Better manging risks ? Carrying out risk mapping in a pharmacy production unit
1 : CHU Clermont-Ferrand, Pôle Pharmacie, F-63003 Clermont-Ferrand, France
2 : Université Clermont Auvergne, Institut de Chimie de Clermont- Ferrand. UMR CNRS 6296, F-63000 Clermont-Ferrand, France
Our pharmacy hospital produces non-sterile and sterile preparations. As this activity presents significant risks, we wanted to evaluate them by conducting a risk mapping to determine our control level and to define areas for improvement.
Materials and methods
A working group composed of 3 pharmacists, 3 pharmacy interns, 12 pharmacy technicians and a logistics operator was set up and 14 meetings were organized. The approach, according to the FMEA method, consisted of several steps: process description, identification and evaluation of the gross risks according to the institutional scale of our hospital which has 5 levels (possible causes, frequency, severity for the patients), description of control means for each risk, net risks assessment. The data treatement concerning the reliability, the relevance, the supervision, and the formalization of control means made it possible to calculate the control level on a scale with 4 levels.
26 risks were identified, 13 of which involved several steps in the process. The gross risks were divided into 4 major risks, 20 strong, 2 moderate and 0 low. The application of control means enabled us to obtain 0 major risk, 12 strong risks, 12 moderate risks and 2 low risks. Mean of control analysis gives the following results:
* 14 (53.8%) risks are very well controlled (level 4/4), including 2 (7.69%) among the strong risks: risks of absence of pharmaceutical analysis or risks of error in analysis.
* 10 (38.46%) are rated 3/4, of which 9 (34.61%) among the strong net risks: risks of microbiological or chemical contamination, calculation or weighing error, error in the choice of the preparation to be carried out , forgetfulness, error in the choice of raw materials, raw material or preparation shortage, delivery error.
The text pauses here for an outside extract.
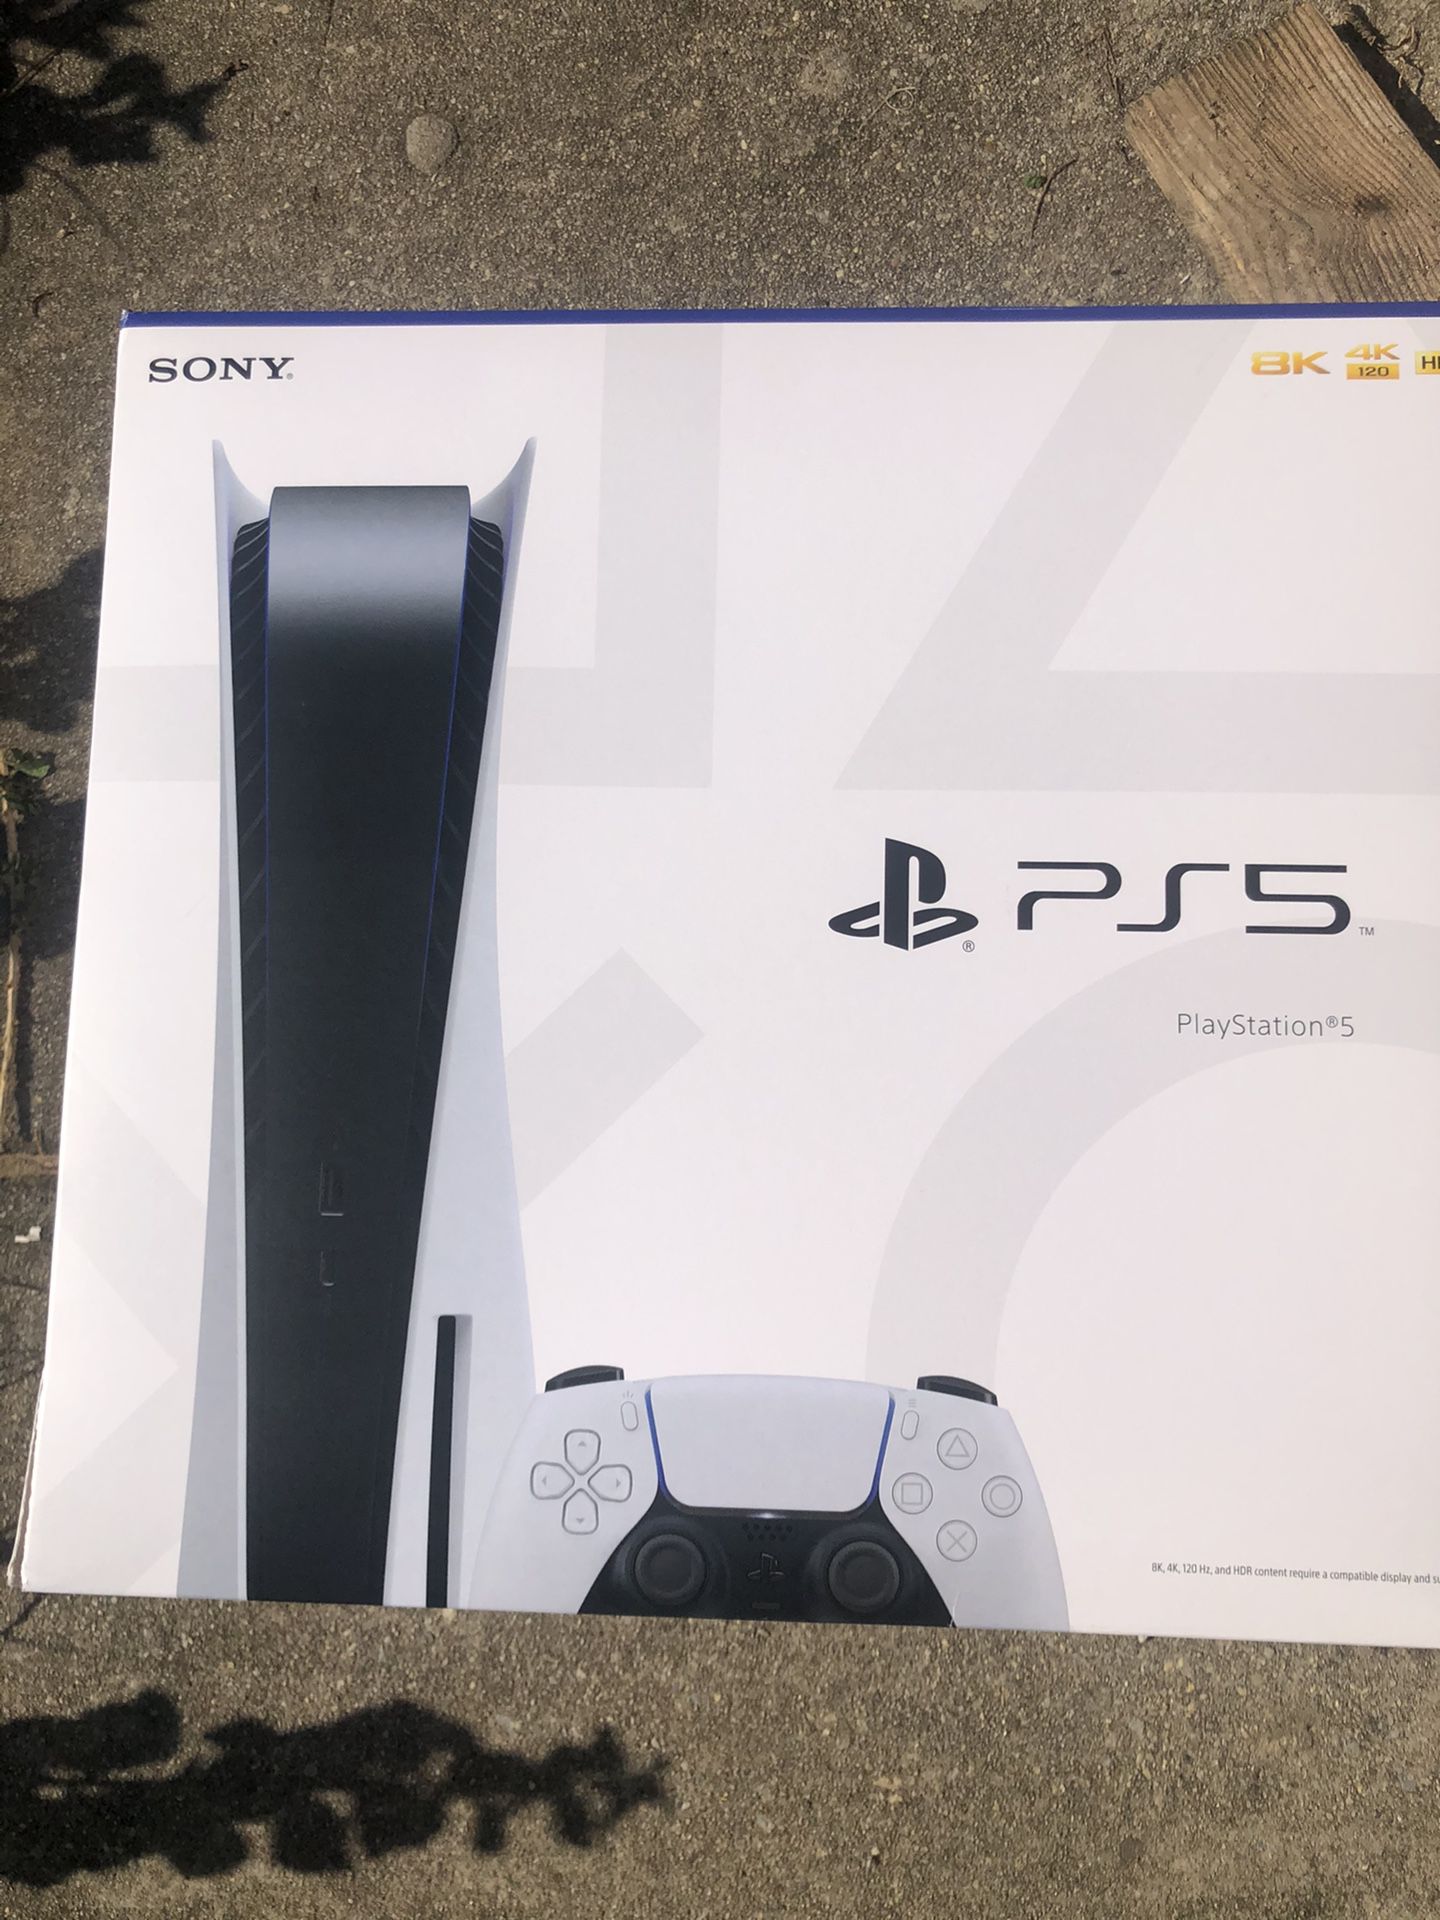 Brand new PlayStation 5 ps5 standard edition   Brand new with receipt      Cash only   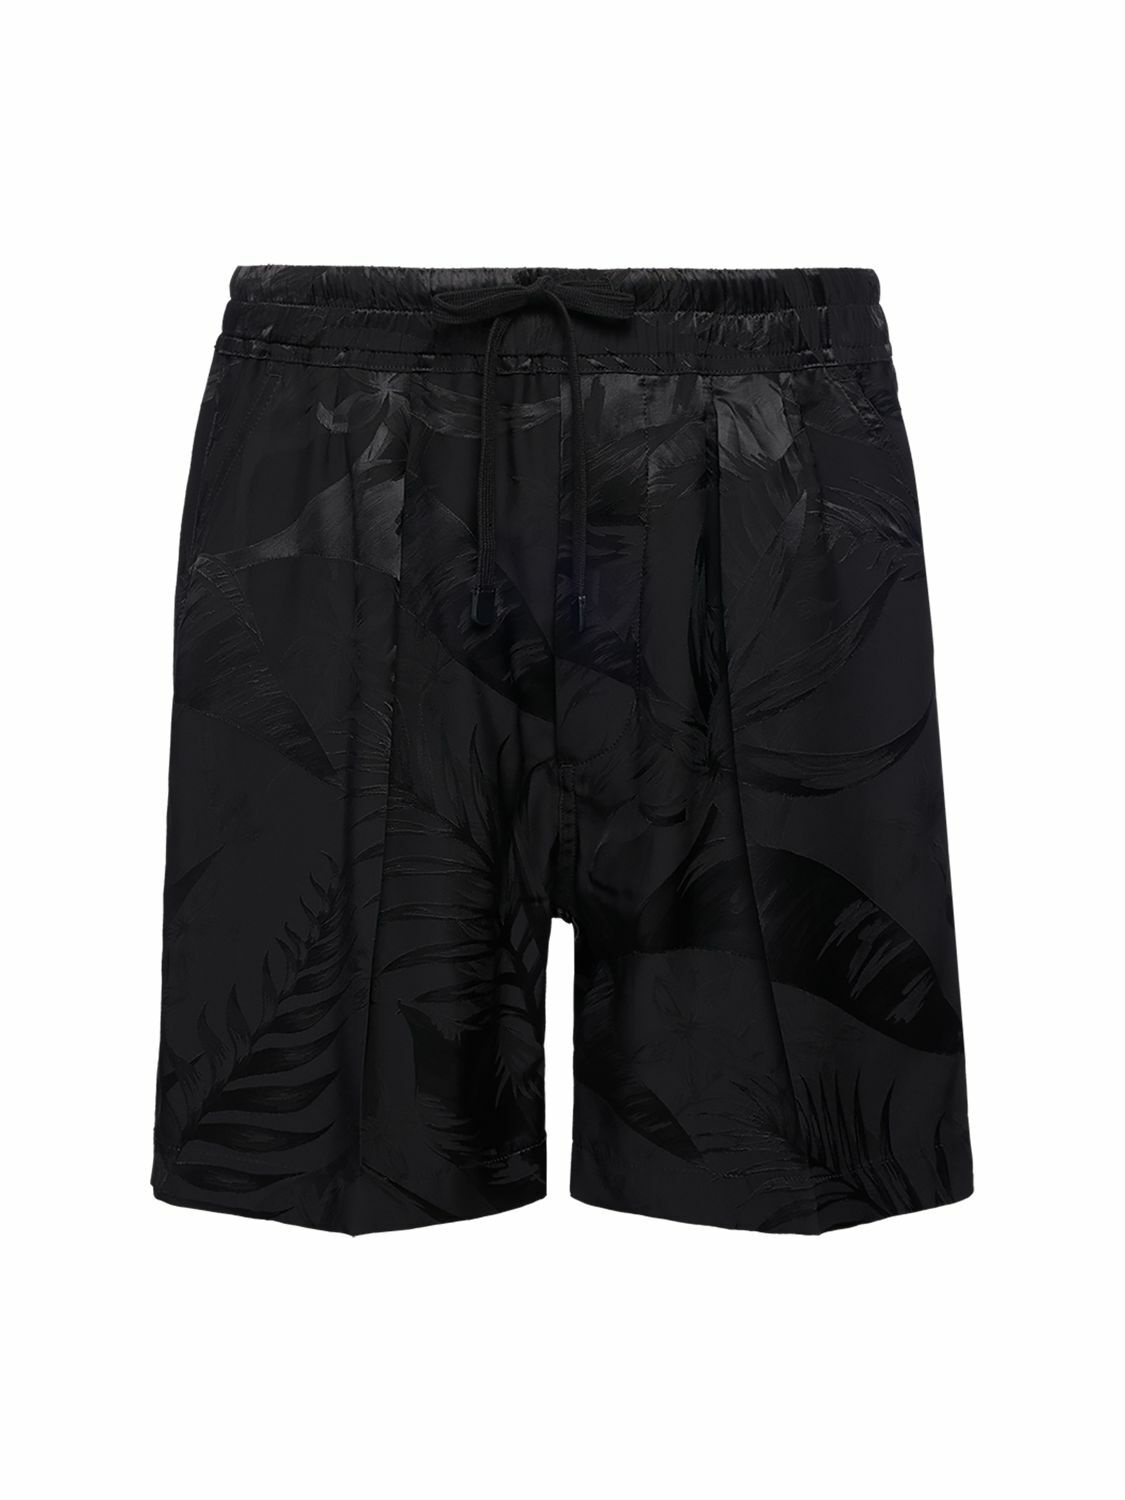 Photo: TOM FORD - Pleated Floral Jacquard Viscose Shorts

* 2 (7.69%) are at a level 2/4 and are therefore poorly mastered, including 1 (3.84%) among the strong net risks: risks related to interpersonal / intersector communication.
This study confirms that the production activity generates significant risks, and shows that the majority of them are well mastered in our hospital pharmacy. The focus should begin on the strong net risks least well controled. The ongoing work on staff training and the requalification of areas and equipments should lead to rapid results improvement.